21.MasterChef contestant Elise Mayfield said in an interview with the A.V. Club that when she went to an open call for the show in 2013, she was instructed to show up with a meal. Mayfield was told that no one would have access to “any heating or cooling elements,” so potential competitors had to either “find a way to keep your food hot or cold, or make something that could be at room temperature.”
Mayfield prepared “chicken pot hand pies and a Brussels sprout slaw with a honey mustard and bacon vinaigrette.” She kept the pies hot via a combination of a sock full of rice that she’d heated in the microwave and some “glove warmer things.” (She clarified that the sock was clean.) The slaw was kept cool the old-fashioned way, with a “couple little ice packs.”
22.When Mayfield found out that she had advanced to the final audition in Los Angeles, she got 10 days to prepare. At that point, it wasn’t guaranteed that she’d actually make it onto the show, but she was told to “to pack for a couple of months,” just in case.
There were 100 potential participants at the LA hotel, which was then cut down to the lucky 30 who would actually get a chance to compete. Mayfield recalled, “When my name was called, I think I ‘beauty queened,’ like hands to the face. There were a lot of people that were like, ‘Yeah! Woo!’ I just immediately started crying, which I guess was the theme of my entire time on that show.”
23.According to the Food Network, the grocery store featured in Guy’s Grocery Games, aka “Flavortown Market,” contains more than 20,000 items. For instance, the produce section boasts 241 different items, the meat section has around 67, and in the seafood section, you can find roughly 442 pounds of fresh and frozen products.
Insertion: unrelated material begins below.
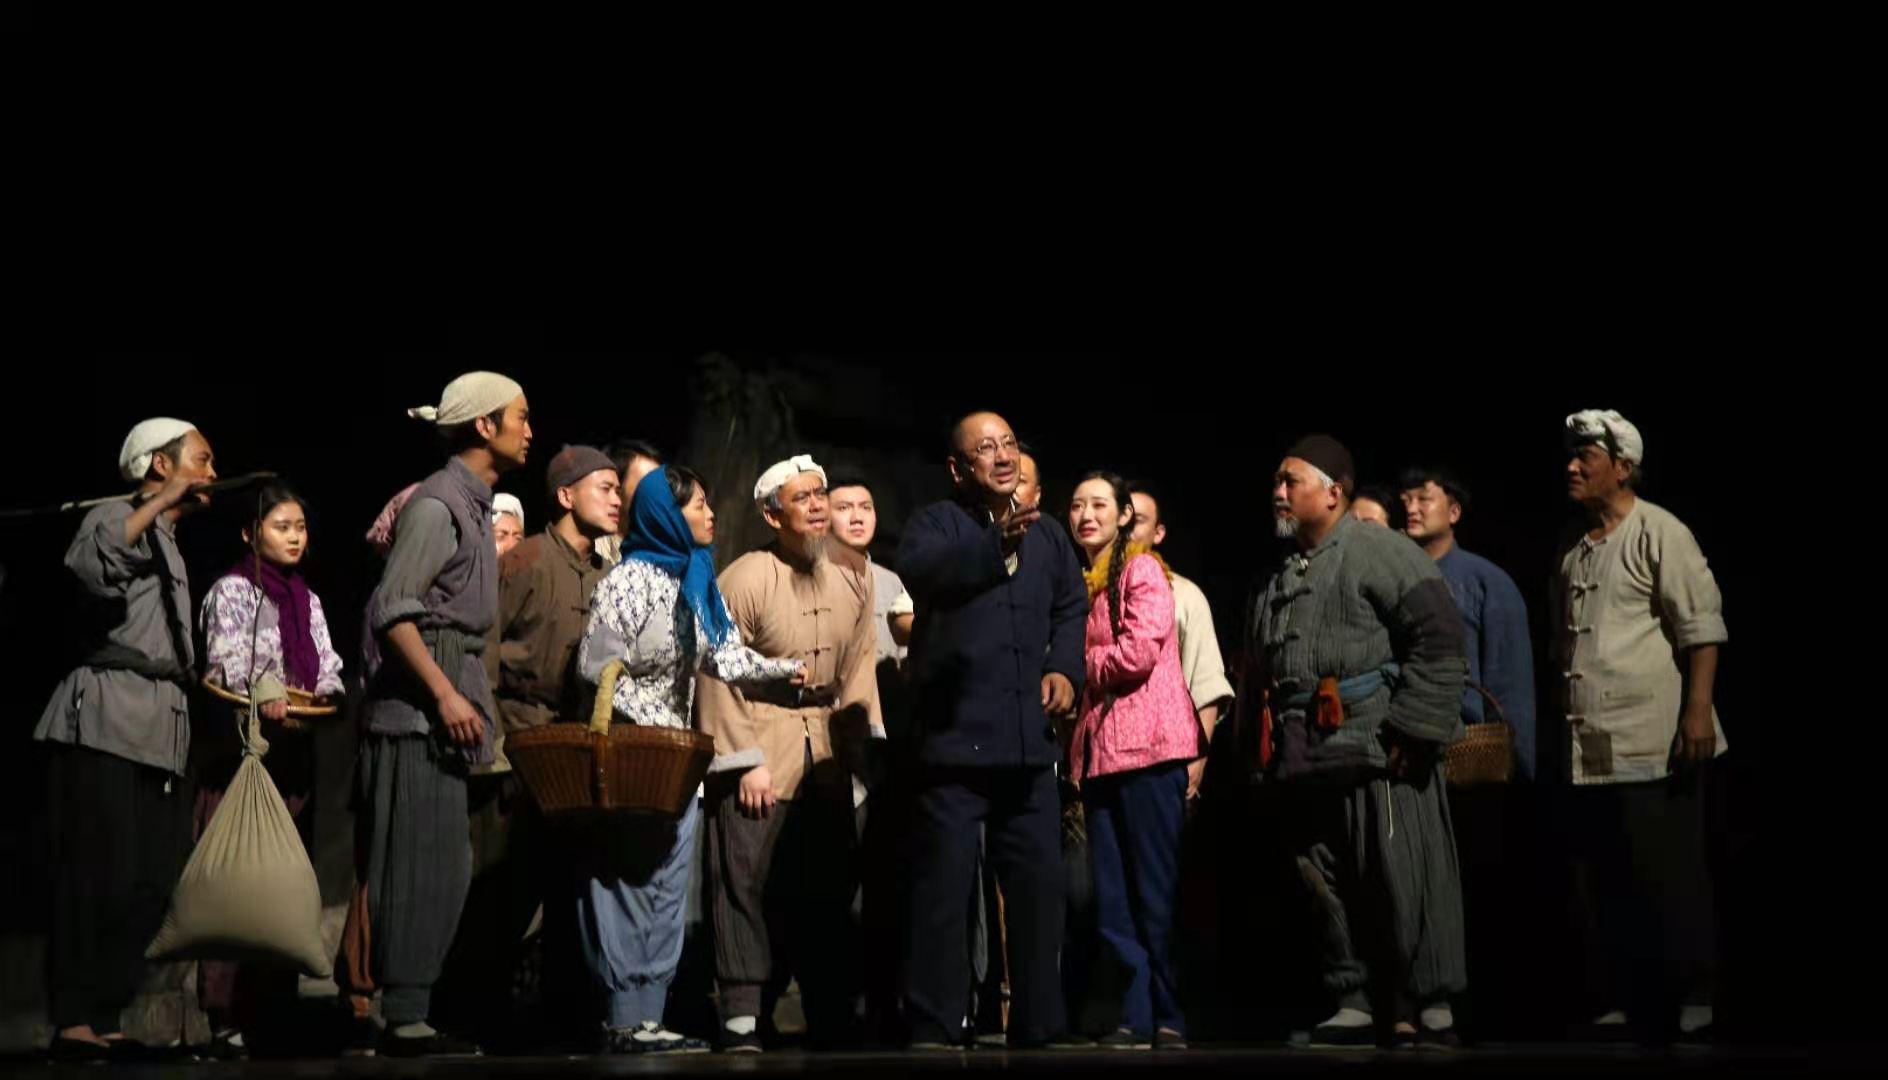 陕西唯一!庆祝中国共产党成立100周年优秀舞台艺术作品展演作品发布 话剧《路遥》入选

24.And here’s what happens to all the leftovers: Everything that’s “still good” at the end of the week goes to local food pantries, while food scraps from challenges are transported to “a local farm for animal feed.”
25.According to Entertainment Weekly, the young competitors on MasterChef Junior aren’t told in advance what they will be cooking. They are, however, given a pre-filming tutorial on how to safely navigate the kitchen.
26.And finally: While the contestants are undeniably talented, they’re still just kids, so MasterChef Junior eliminates them in pairs, rather than individually, to minimize any hurt feelings. Gordon Ramsay told Entertainment Weekly, “We hate saying goodbye.”